System 500 also includes memory 520 coupled to processor 510 through bus 515, or through any other buses or components. Memory 520 may be any type of memory capable of storing data to be operated on by processor 510, such as static or dynamic random access memory, semiconductor-based read only memory, or a magnetic or optical disk memory. Look-up data to be compared to data stored in CAM 100 may be stored in memory 520 or may represent an address of data in memory 520. System 500 may include any other buses or components in addition to processor 510, bus 515, and memory 520.
Processor 510, or any other processor or component designed according to an embodiment of the present invention, may be designed in various stages, from creation to simulation to fabrication. Data representing a design may represent the design in a number of manners. First, as is useful in simulations, the hardware may be represented using a hardware description language or another functional description language. Additionally or alternatively, a circuit level model with logic and/or transistor gates may be produced at some stages of the design process. Furthermore, most designs, at some stage, reach a level where they may be modeled with data representing the physical placement of various devices. In the case where conventional semiconductor fabrication techniques are used, the data representing the device placement model may be the data specifying the presence or absence of various features on different mask layers for masks used to produce an integrated circuit.

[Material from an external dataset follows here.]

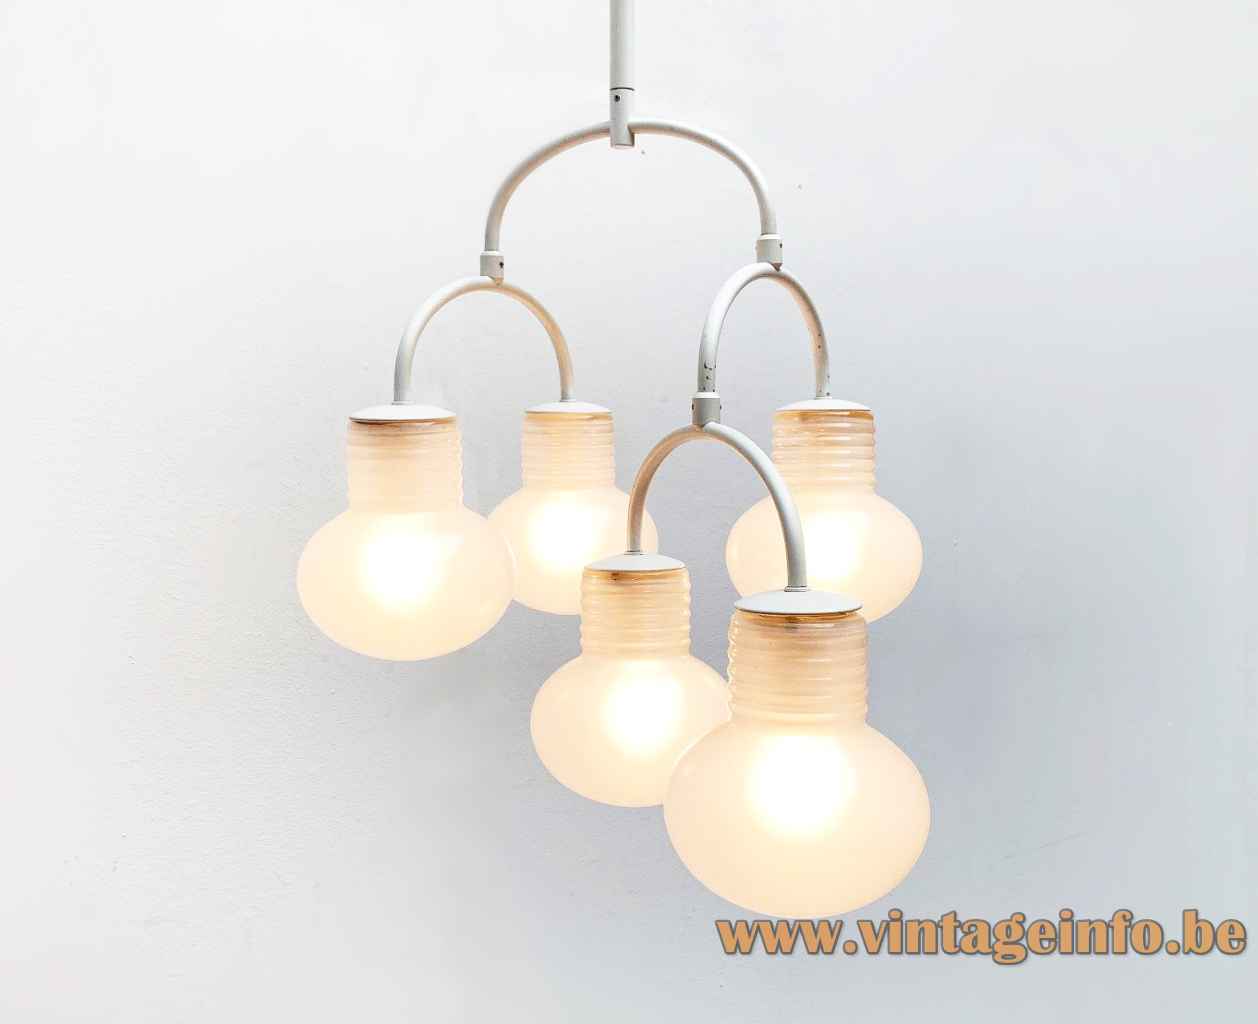 1960s Temde bulbs chandelier adjustable glass lampshades white metal rods Germany Switzerland design: Eva Renée Nele

In any representation of the design, the data may be stored in any form of a machine-readable medium. An optical or electrical wave modulated or otherwise generated to transmit such information, a memory, or a magnetic or optical storage medium, such as a disc, may be the machine-readable medium. Any of these mediums may “carry” or “indicate” the design, or other information used in an embodiment of the present invention, such as the instructions in an error recovery routine. When an electrical carrier wave indicating or carrying the information is transmitted, to the extent that copying, buffering, or re-transmission of the electrical signal is performed, a new copy is made. Thus, the actions of a communication provider or a network provider may be making copies of an article, e.g., a carrier wave, embodying techniques of the present invention.
Thus, techniques for pipelining a CAM look-up have been disclosed. While certain embodiments have been described, and shown in the accompanying drawings, it is to be understood that such embodiments are merely illustrative of and not restrictive on the broad invention, and that this invention not be limited to the specific constructions and arrangements shown and described, since various other modifications may occur to those ordinarily skilled in the art upon studying this disclosure.
For example, although
In an area of technology such as this, where growth is fast and further advancements are not easily foreseen, the disclosed embodiments may be readily modifiable in arrangement and detail as facilitated by enabling technological advancements without departing from the principles of the present disclosure or the scope of the accompanying claims.